■ Your instructions ■
Retype each line below precisely and omit all images.

■ Collected material ■
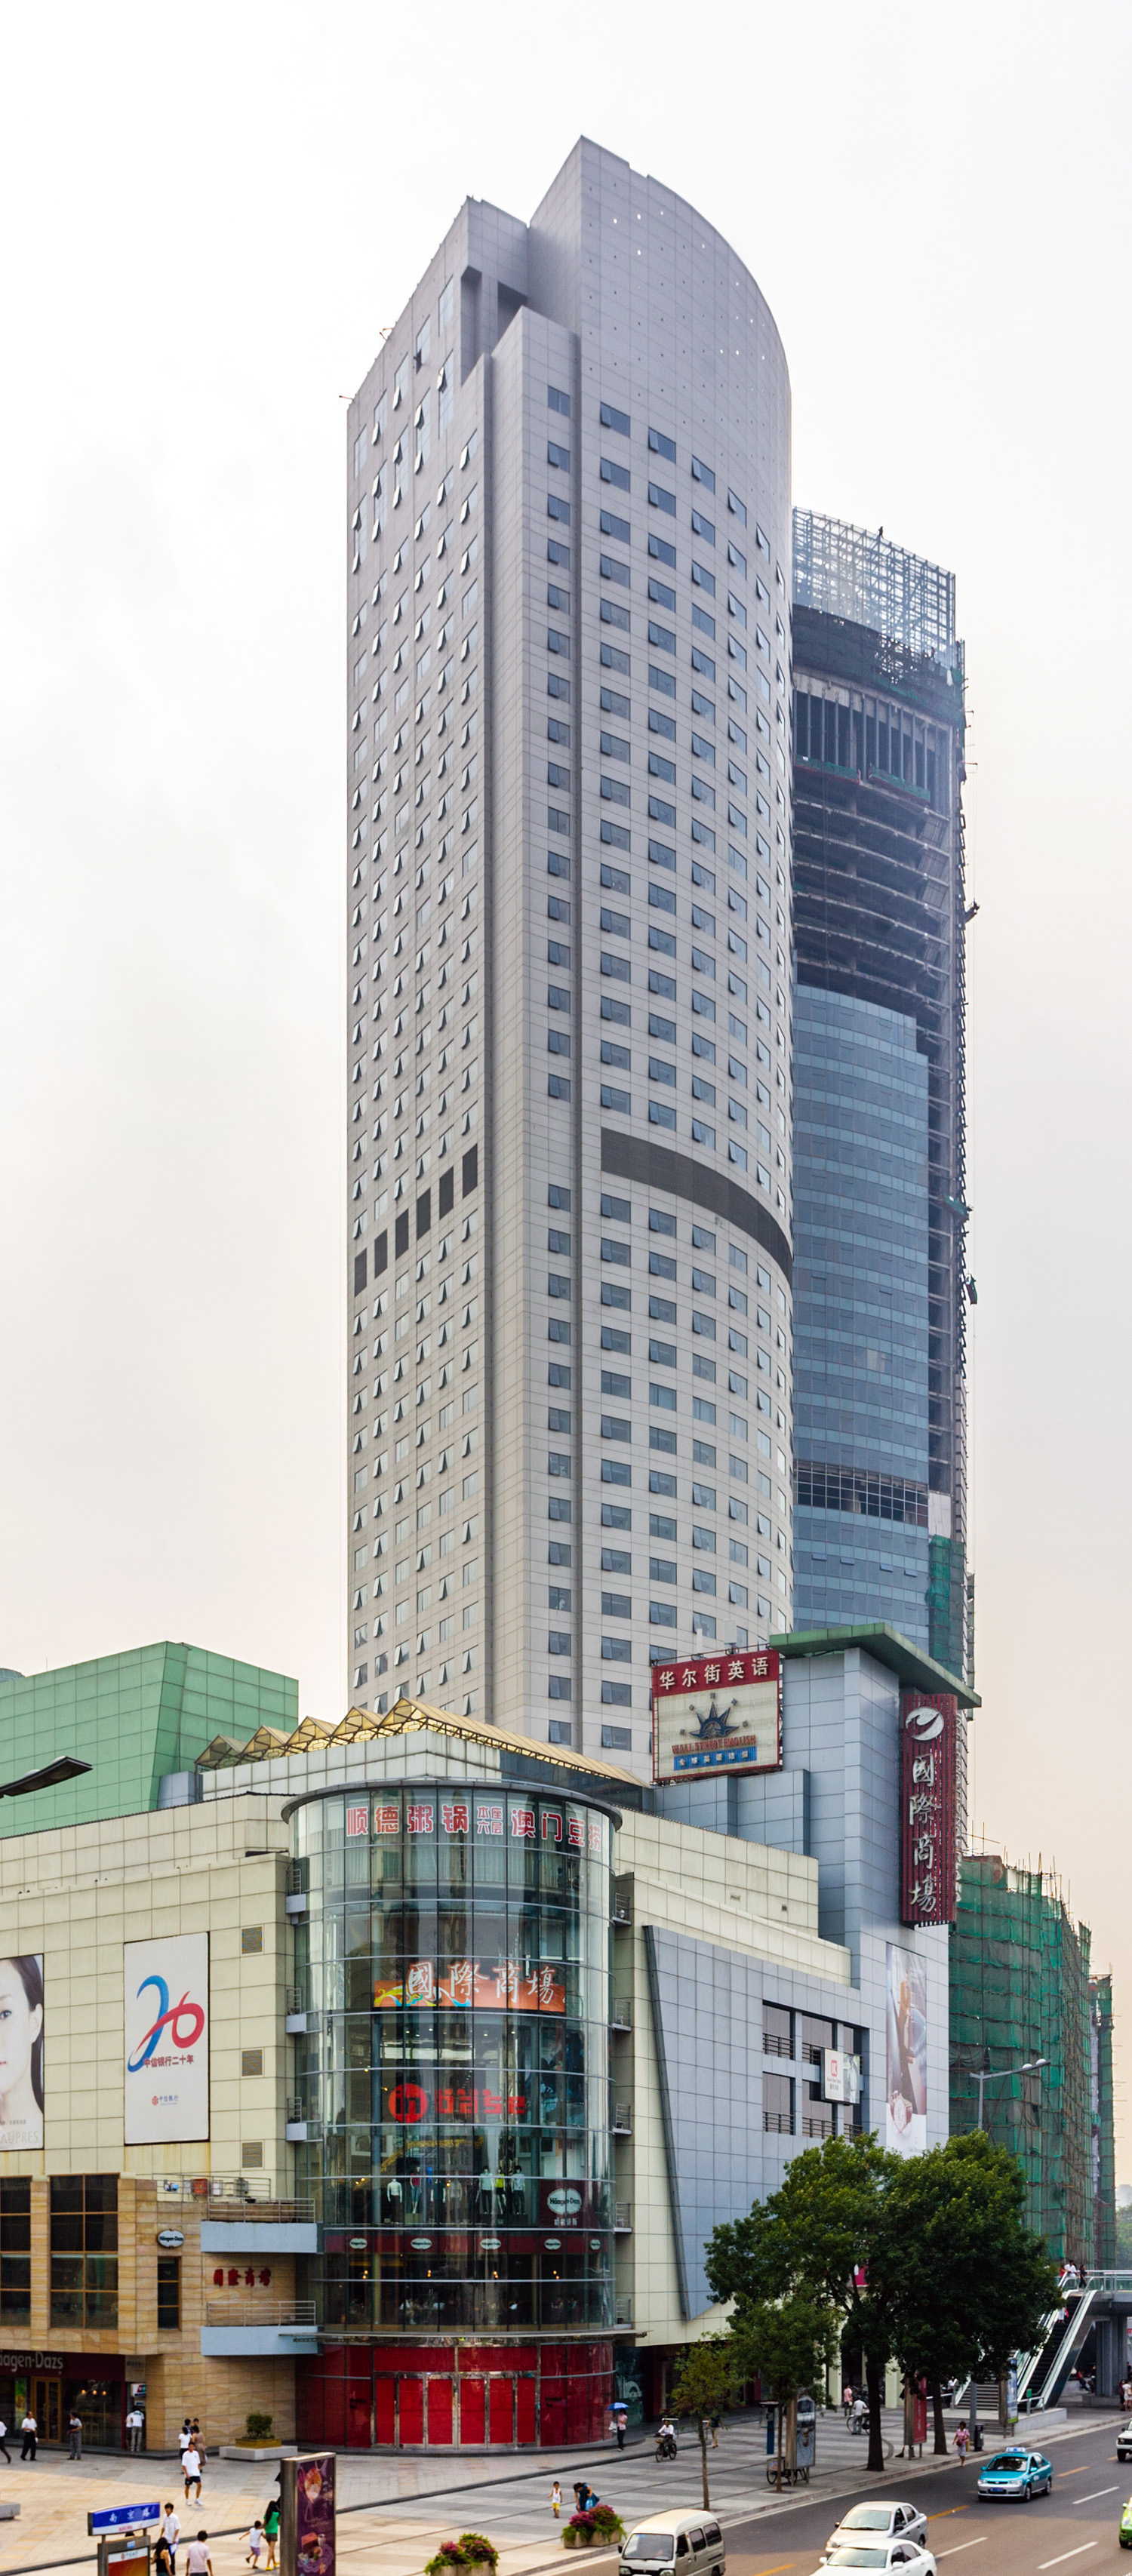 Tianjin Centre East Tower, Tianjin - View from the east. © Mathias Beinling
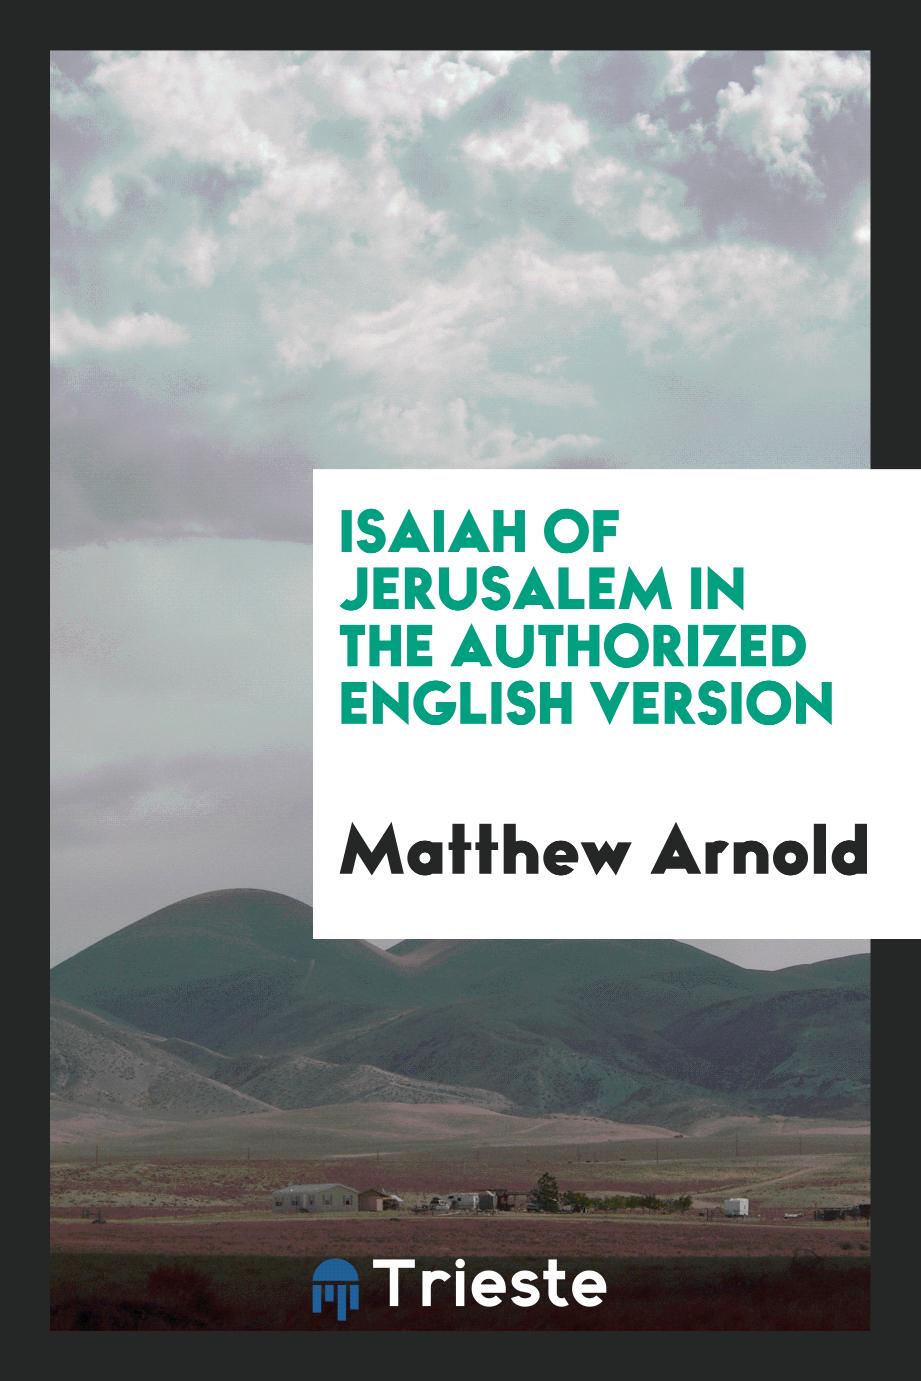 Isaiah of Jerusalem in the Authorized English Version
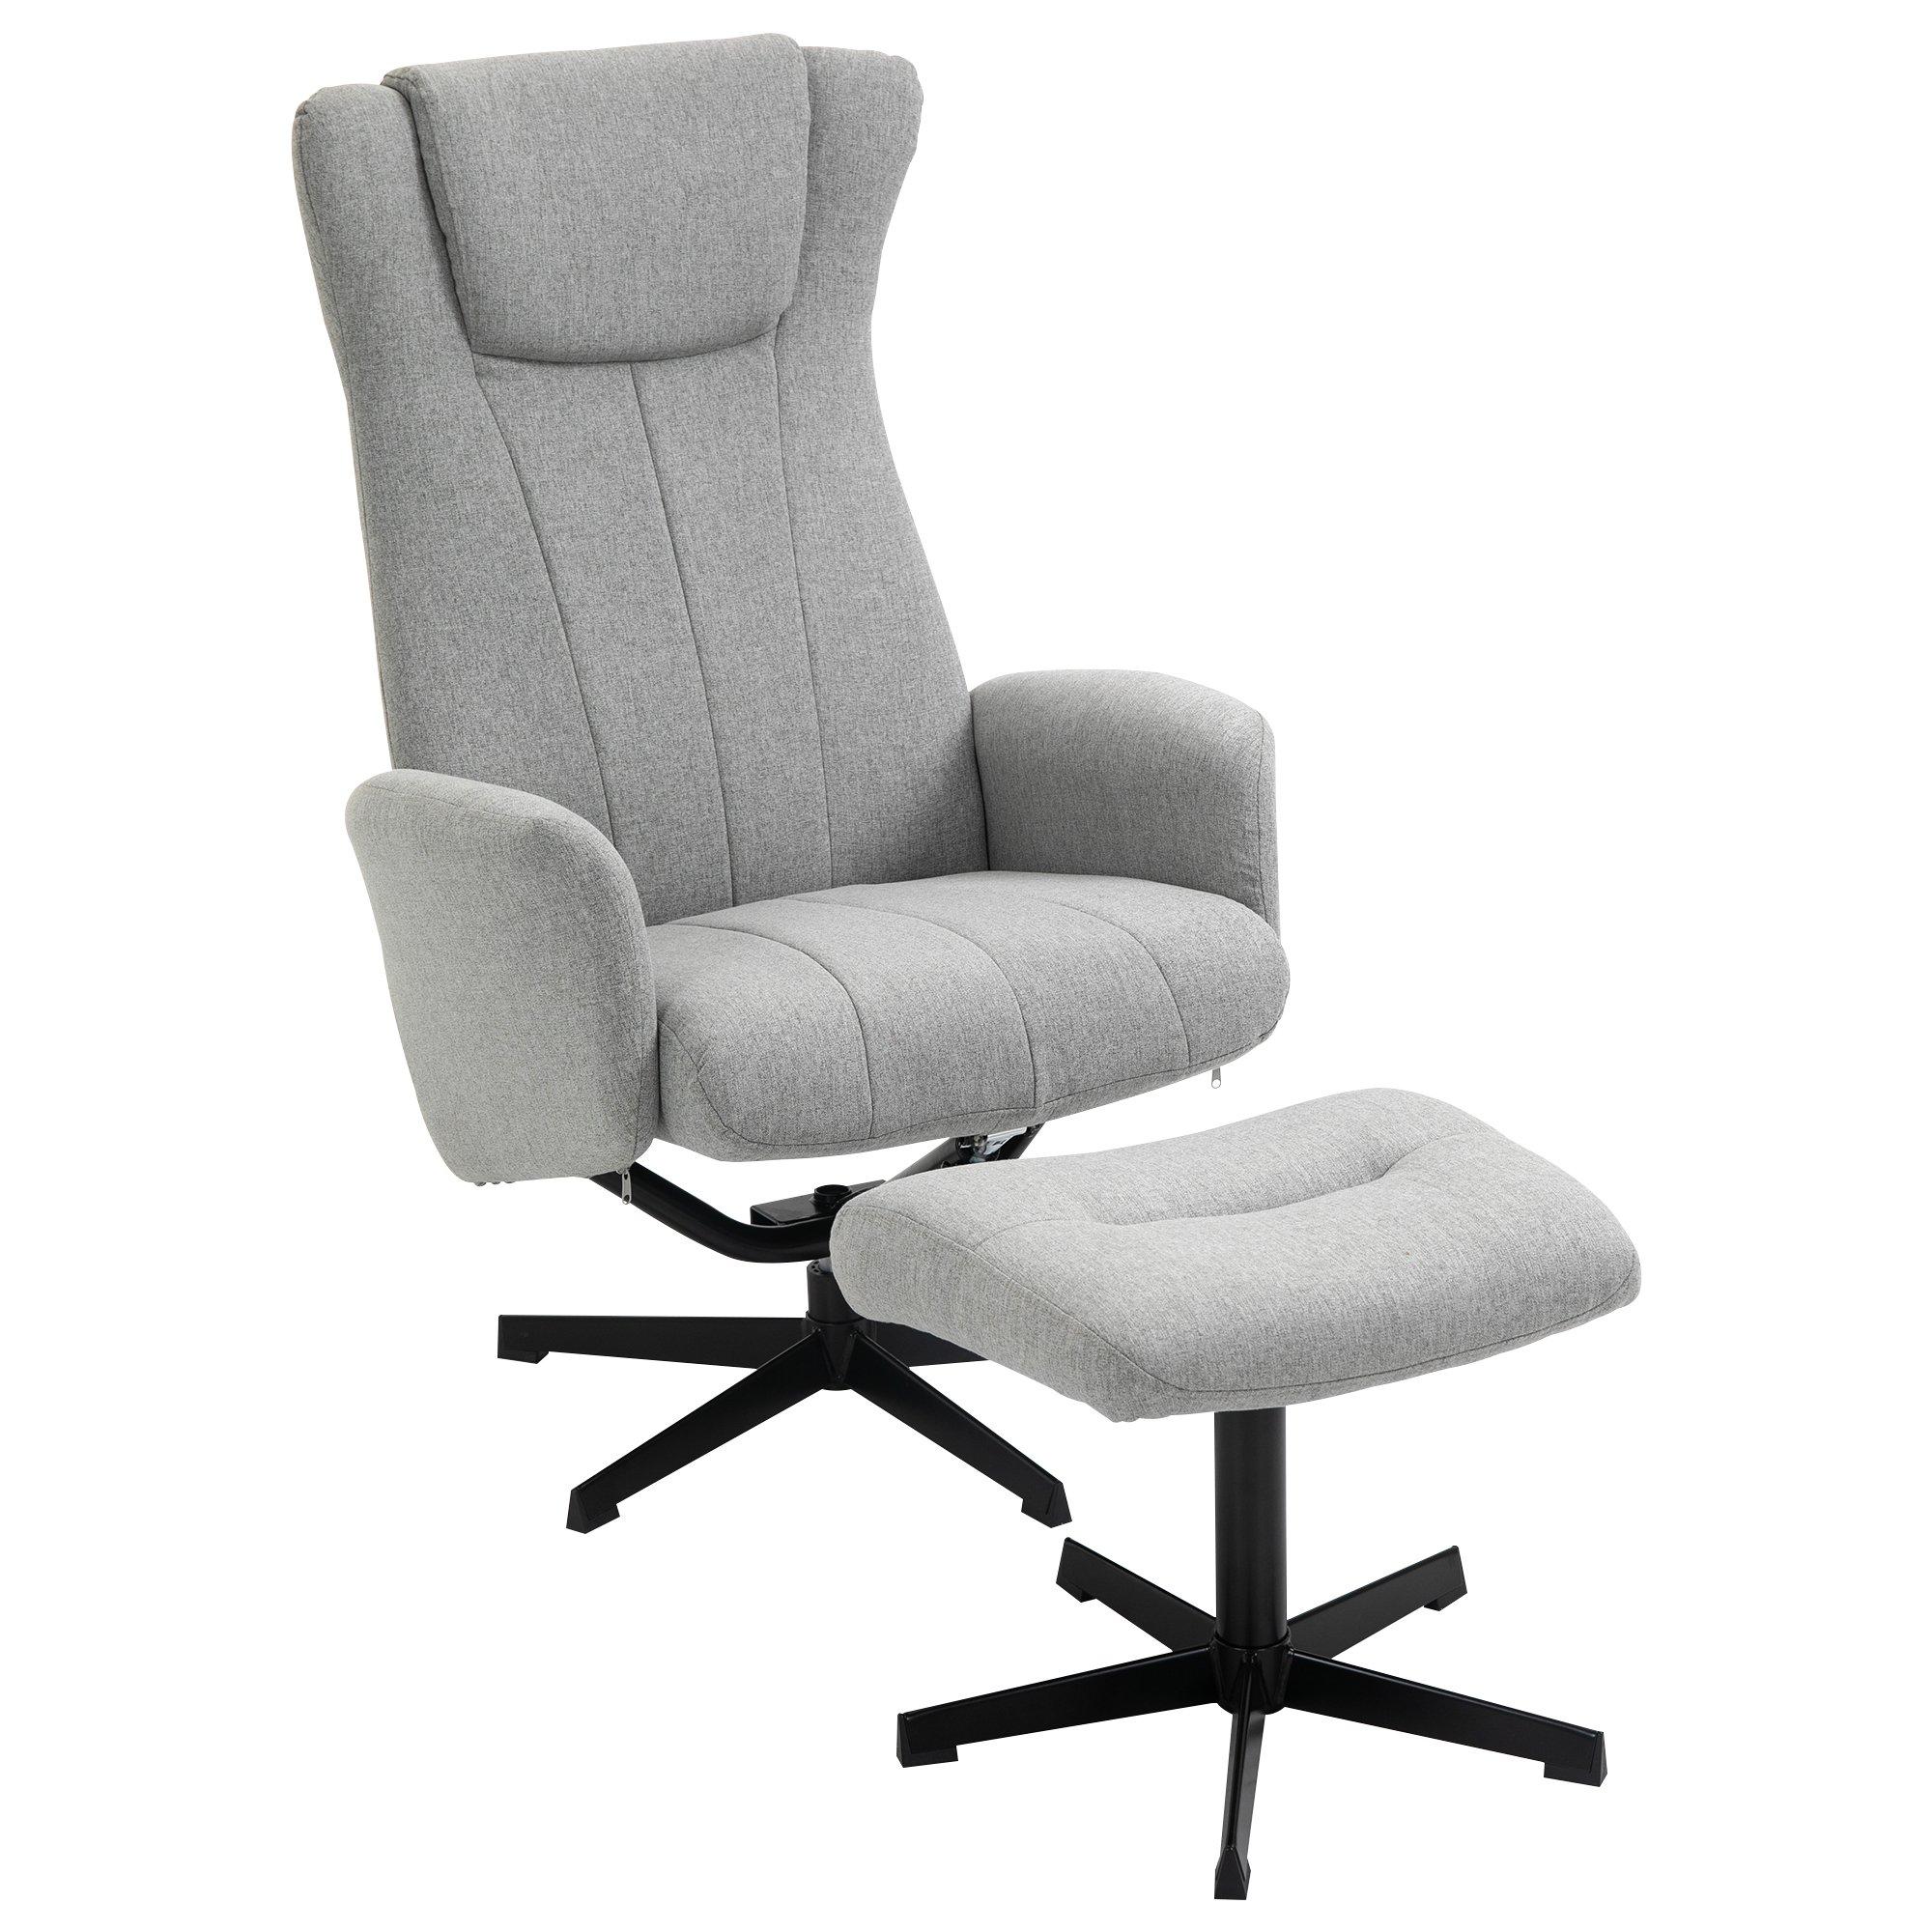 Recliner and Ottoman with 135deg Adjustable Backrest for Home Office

■ Finished task ■
 Tianjin Centre East Tower, Tianjin - View from the east. © Mathias Beinling
 Isaiah of Jerusalem in the Authorized English Version
 Recliner and Ottoman with 135deg Adjustable Backrest for Home Office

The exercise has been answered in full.